All three emit light, but the energy source differs. Incandescence is thermal — a hot filament radiates because it is at 2500–3000 K, and most of the energy is lost as infrared heat. Fluorescence is light-driven — a molecule first absorbs a photon, then re-emits a longer-wavelength one within nanoseconds. Chemiluminescence is reaction-driven — the excited state is created directly by a chemical step, with no light input and no high temperature. A glow stick actually contains a fluorescent dye, but the dye is excited chemically, not by absorbed light.
What is the chemiluminescence quantum yield?
It is the number of photons emitted per molecule of reactant consumed: Φ_CL = Φ_chem × Φ_exc × Φ_fl. Φ_chem is the fraction of reactions that follow the light-producing path, Φ_exc is the fraction of those that actually populate an excited state, and Φ_fl is the fluorescence efficiency of that excited state. For a typical commercial glow stick Φ_CL is only about 0.05 to 0.1 (5–10 photons per 100 reactions). Firefly bioluminescence is far better — about 0.41 — which is why a single enzyme system can be seen by the naked eye.
How does luminol detect blood at a crime scene?
Luminol (3-aminophthalhydrazide) is oxidized by hydrogen peroxide in basic solution to give an excited 3-aminophthalate dianion, which emits blue light at about 425 nm. The reaction needs a catalyst, and the iron in hemoglobin is an excellent one. Even a bloodstain washed away or aged for years leaves enough iron to switch on the glow, so forensic teams spray luminol in a darkened room and photograph the faint blue luminescence. False positives from copper, bleach, and some plant peroxidases are the main limitation.

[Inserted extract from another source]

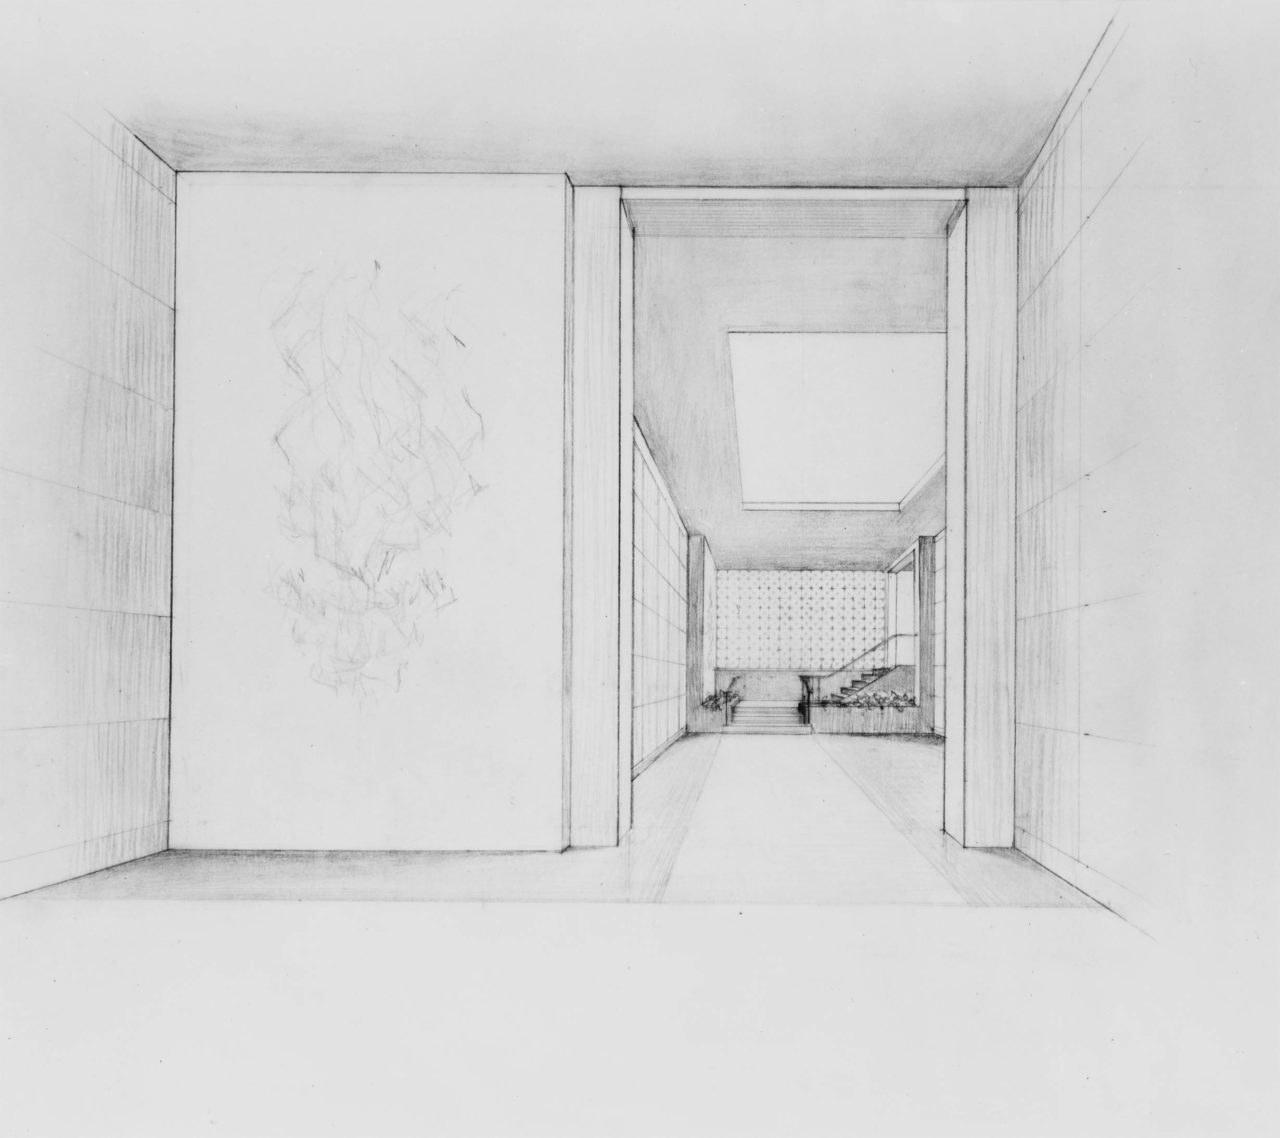 Sketch for the interior of a mausoleum complex

Why is a firefly's light yellow-green while a glow stick can be any color?
A firefly emits around 560 nm because that color is set by its single excited product, oxyluciferin, tuned by the enzyme luciferase and the local pH. A glow stick separates the energy source from the color: the peroxyoxalate reaction makes excited-state energy generically, then hands it to whatever fluorescent dye is dissolved in the tube. Swap the dye — 9,10-diphenylanthracene for blue, rubrene for yellow, rhodamine B for red — and the same reaction glows a different color. The chemistry is the engine; the dye is the paint.
Why does a glow stick glow brighter but die faster in hot water?

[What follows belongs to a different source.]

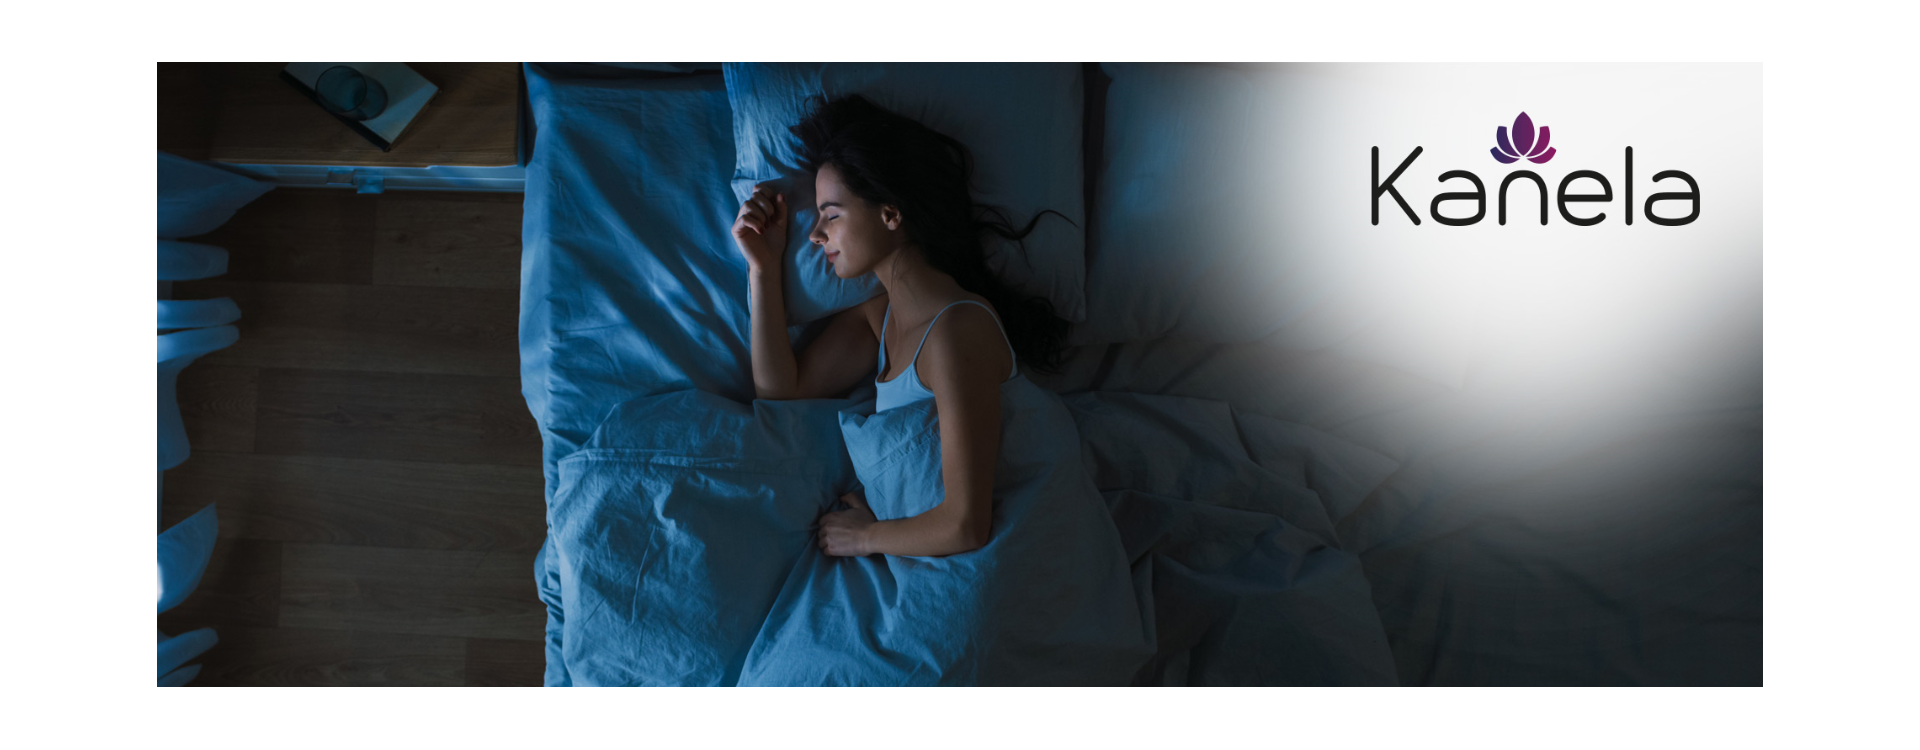 How to get enough sleep despite a cold

Brightness is the rate of photon emission, which tracks the reaction rate. Warming the tube raises the rate constant through the Arrhenius factor, so more excited-state molecules form per second and the glow intensifies. But the total number of photons is fixed by the amount of reagent — so burning through it faster means it runs out sooner. Cooling it in a freezer does the reverse: dimmer light that can last for many hours or even a day.